While the Estdomains situation involved colorful behavior by the principal of the registrar, it is by no means the only situation in which a registrar can lose its accreditation. Verizon can easily seek control of Onlinenic’s accreditation and then sell it off to any of a number of other registrars who would be happy to take over Onlinenic’s tenth largest position.

Adam Strong

January 7, 2009 @ 1:02 pm EDT

thanks for weighing in John. I appreciate the insight. What about domain names that OnlineNic owns ? Since the registrar accreditation could be taken and thus control over the domains, does this also mean essentially that any and all names OnlineNic owns could be seized by seizing the accreditation? Also, if it is possible for them to seek this control how would VZ make this move ? This is getting interesting!

January 7, 2009 @ 2:31 pm EDT

John, you are correct about seizing control of the registrar.

However, the market value of OnlineNic might be between $ 20K and $ 500K (just a guess) which is a drop in the bucket compared to the court judgement of $ 33 million.

Moreover, the legal fees to fight this case could have approach $ 500K (over many years).

John, you would know better than me.

If I had any domains in OnlineNic which I don’t, I would be moving them today.

John Berryhill

January 7, 2009 @ 10:38 pm EDT

“What about domain names that OnlineNic owns ?”

Do you mean “owns” or “manages”?

1. Domains that OnlineNic owns – As was demonstrated in the situation, domains can be seized in satisfaction of a civil judgment.

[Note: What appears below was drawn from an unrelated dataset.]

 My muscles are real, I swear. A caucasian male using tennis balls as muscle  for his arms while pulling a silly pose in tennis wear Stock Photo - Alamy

But I’m guessing you meant:

2. Domains that OnlineNic manages – That would be the point of (a) getting an order to seize the registrar accreditation, and (b) cutting a deal with an existing registrar to transfer management in order to extract the value. As with Dodora, Estdomains, and Registerfly, the entire lot can be transferred to another registrar. This happens outside of the context of litigation, such as when Enom bought Bulkregister, and Tucows bought, among other registrar purchases.

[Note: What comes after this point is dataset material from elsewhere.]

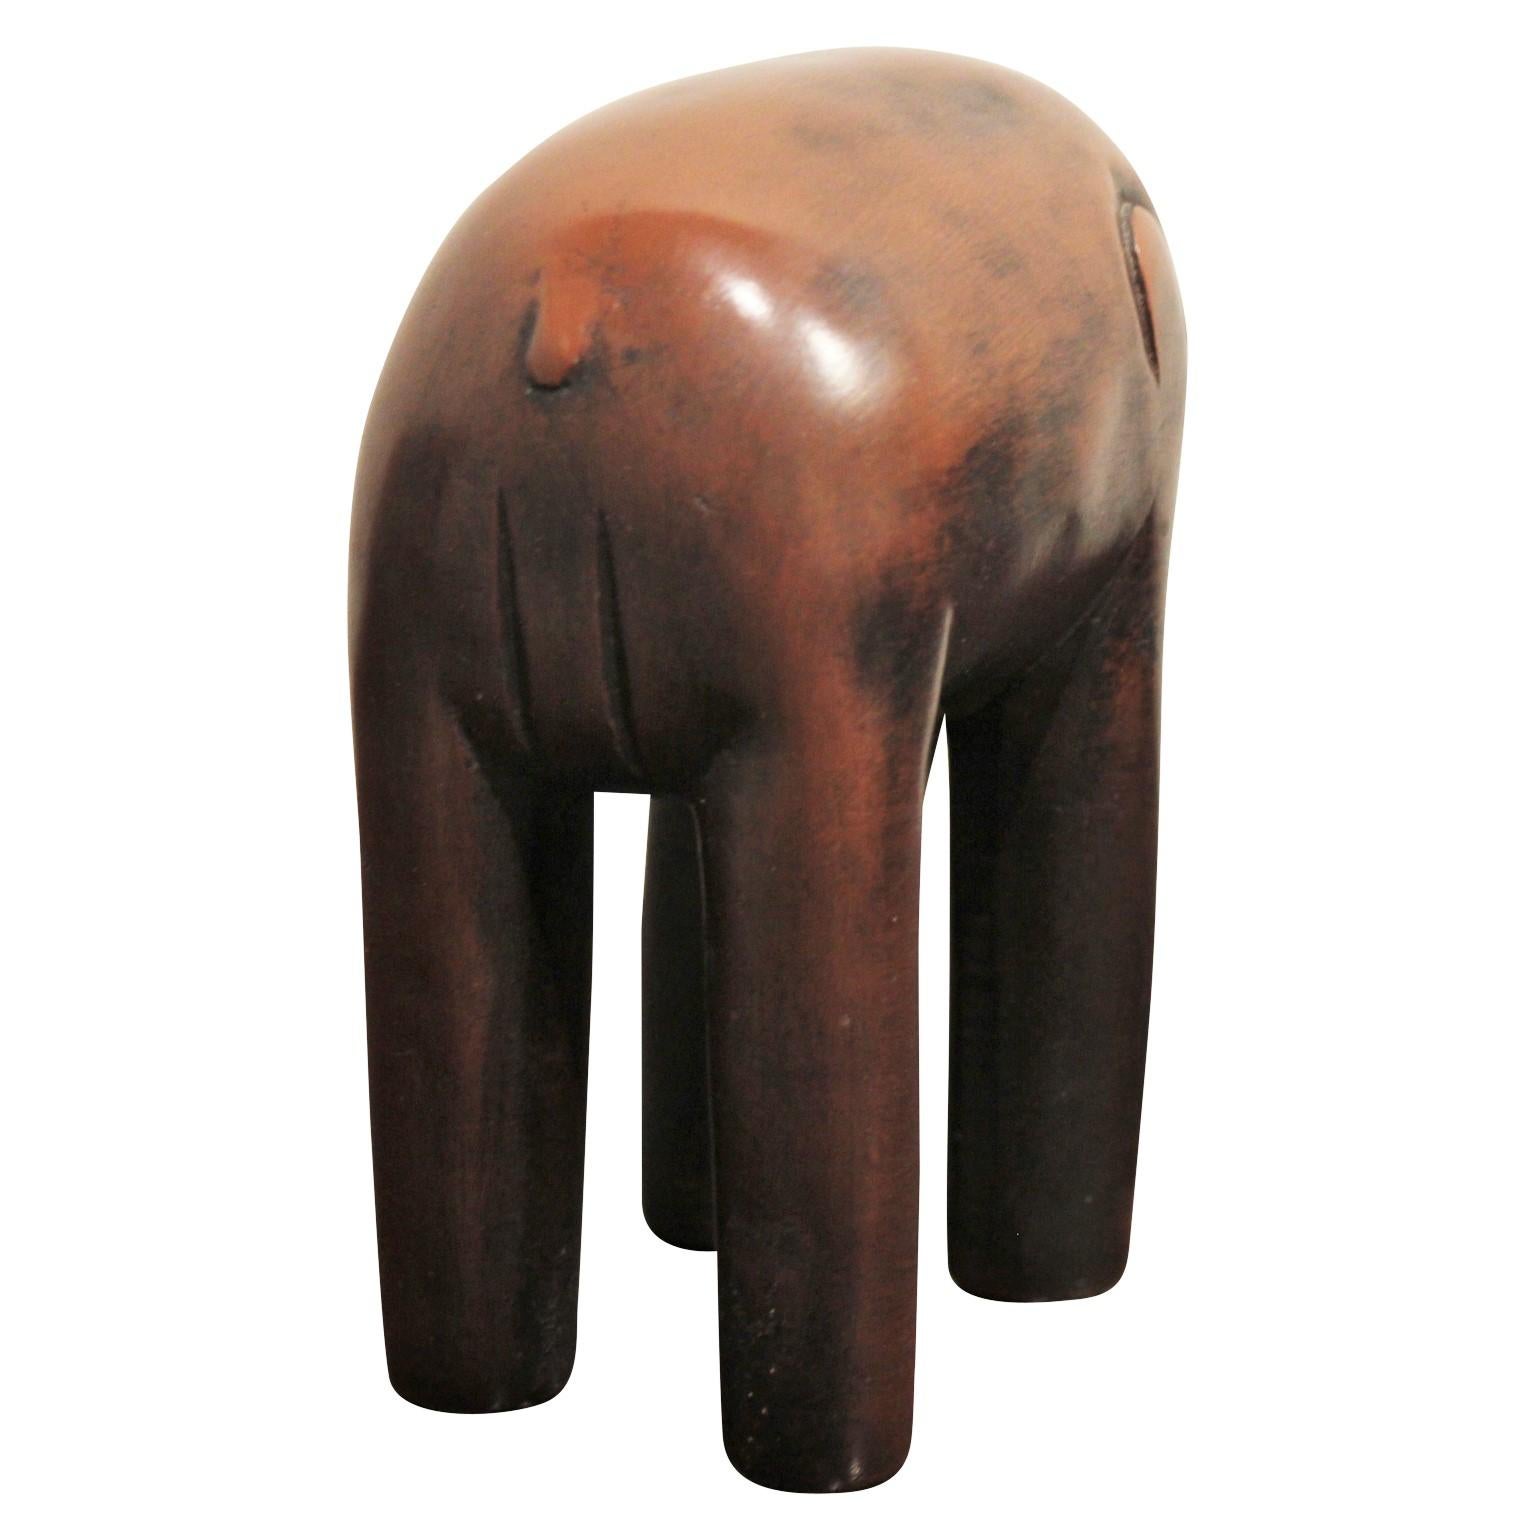 Ceramic Tribal Elephant Sculpture - Black Abstract Sculpture by Austin Productions

“Moreover, the legal fees to fight this case could have approach $ 500K (over many years).”

There’s nothing to “fight”. Onlinenic won’t show up.

Adam Strong

January 7, 2009 @ 11:10 pm EDT

Thanks for replying John. I did mean owns in the sense that they own the Verizon names that were in question to begin with here. I’m sure they own many more than those. I appreciate you clearing the potential to confuse ownership with managing for others who might not see it as clearly.

Regfeenames – I think your math is definitely off on the value of taking over a registrar with over 1 million domains under management. It’s not likely worth $33m but it is worth more than $500k

John Berryhill

January 8, 2009 @ 2:26 am EDT

“I did mean owns in the sense that they own the Verizon names that were in question to begin with here.”

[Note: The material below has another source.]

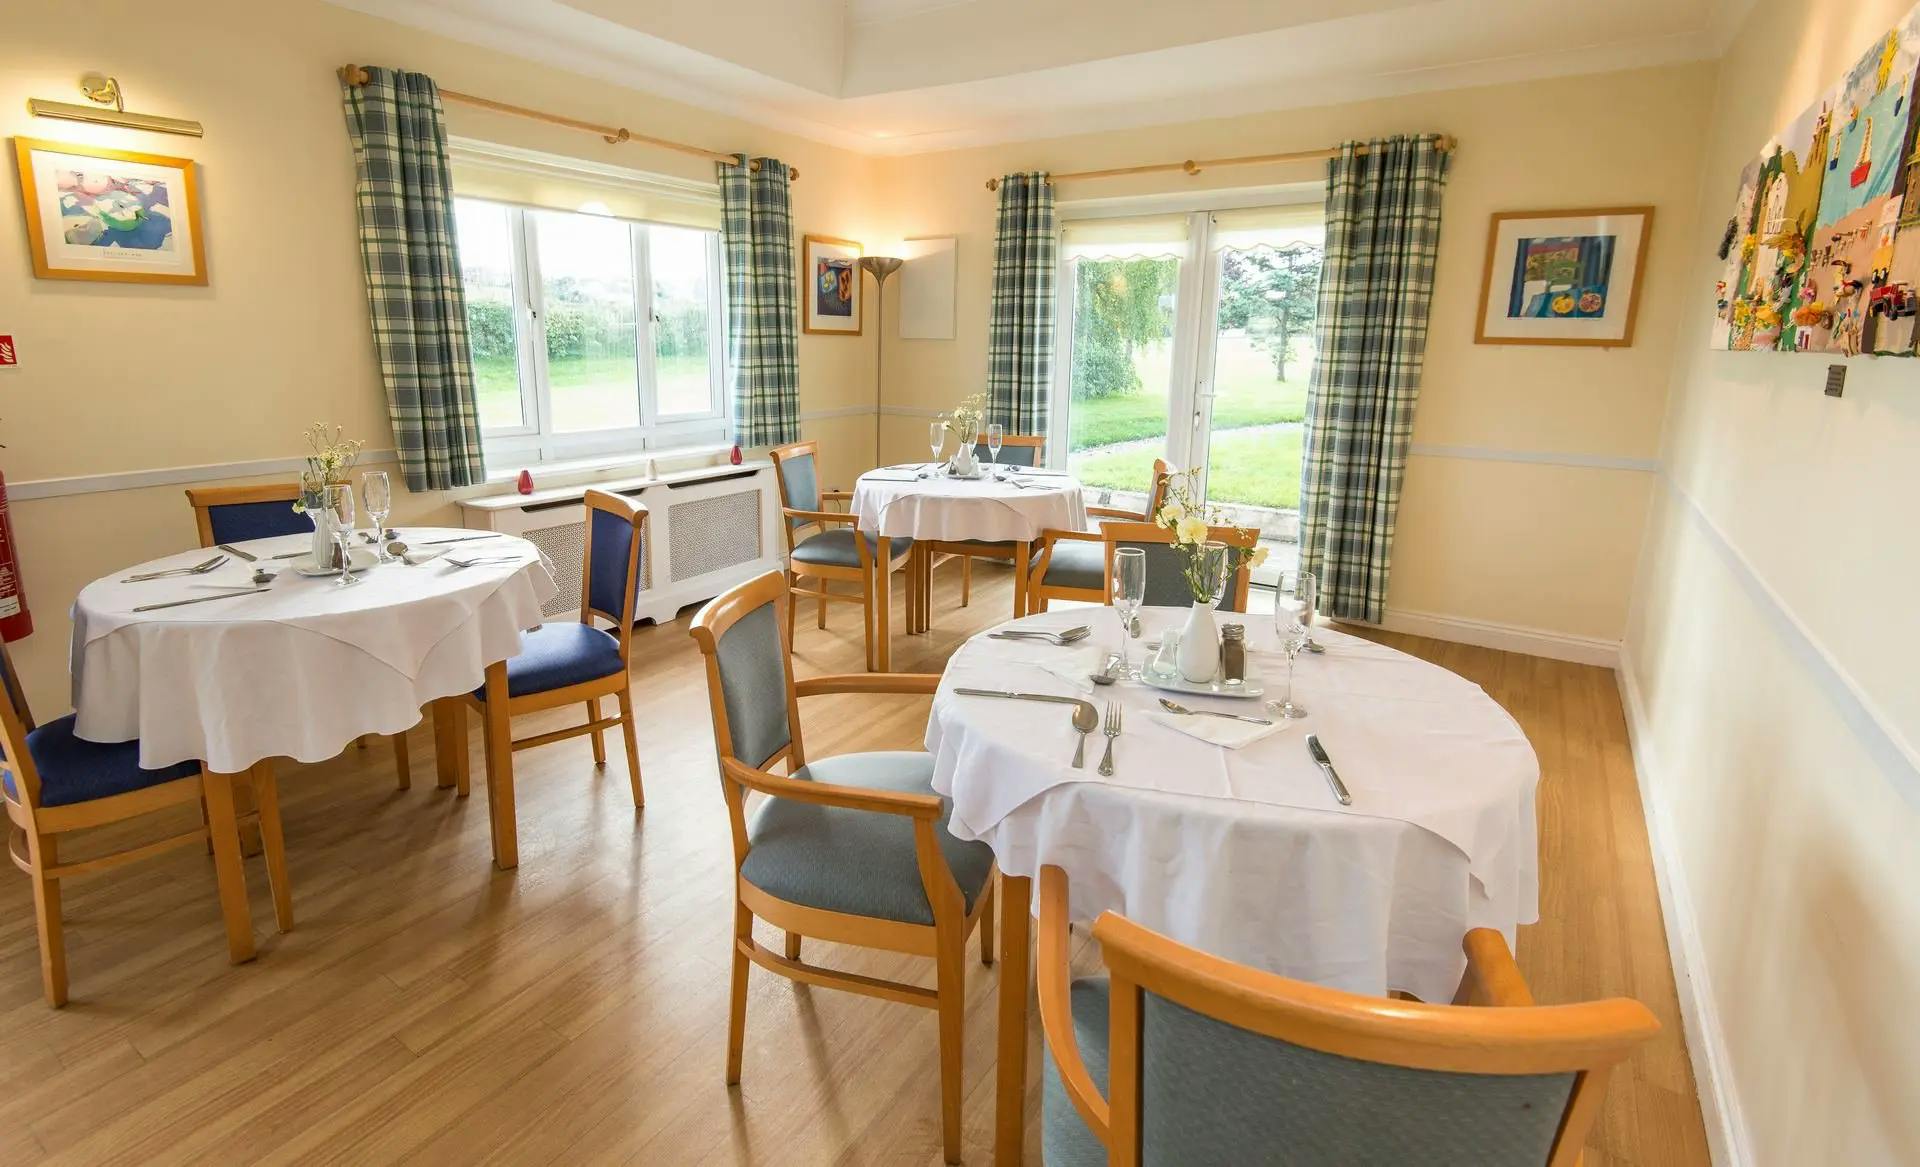 Dining Romm at Frethey House Care Home in Taunton, Somerset

You might consider digging a bit into what became of all of the names owned by John Zuccarini which were never ordered transferred. Interesting story, and I’m not sure if anyone has told it yet.

ICANN, but You Can't

July 27, 2011 @ 12:59 am EDT

ICANN is a joke and co-conspirator in internet crime in allowing any geek with enough dough to become registrars and squatters. Their Om (more like Pot) Budsman told me there was NO evidence of cybersquatting when I pointed out DIRECTNIC sniped then offered to sell a personal name domain back to a famous California artist. Now I see they’re being sued by Verizon for 28+ Million for squatting. The lawyas said to pony up $50k for a federal cybersquatting suit that wouldn’t win any money since it’s (the artist) isn’t a valuable brand.
The big Corporations have the bucks to pay their lawyas to do what the little guy gets extorted for.


July 27, 2011 @ 10:59 am EDT

@ICANN but you…

You did not that the post you commented on was from 2009, right?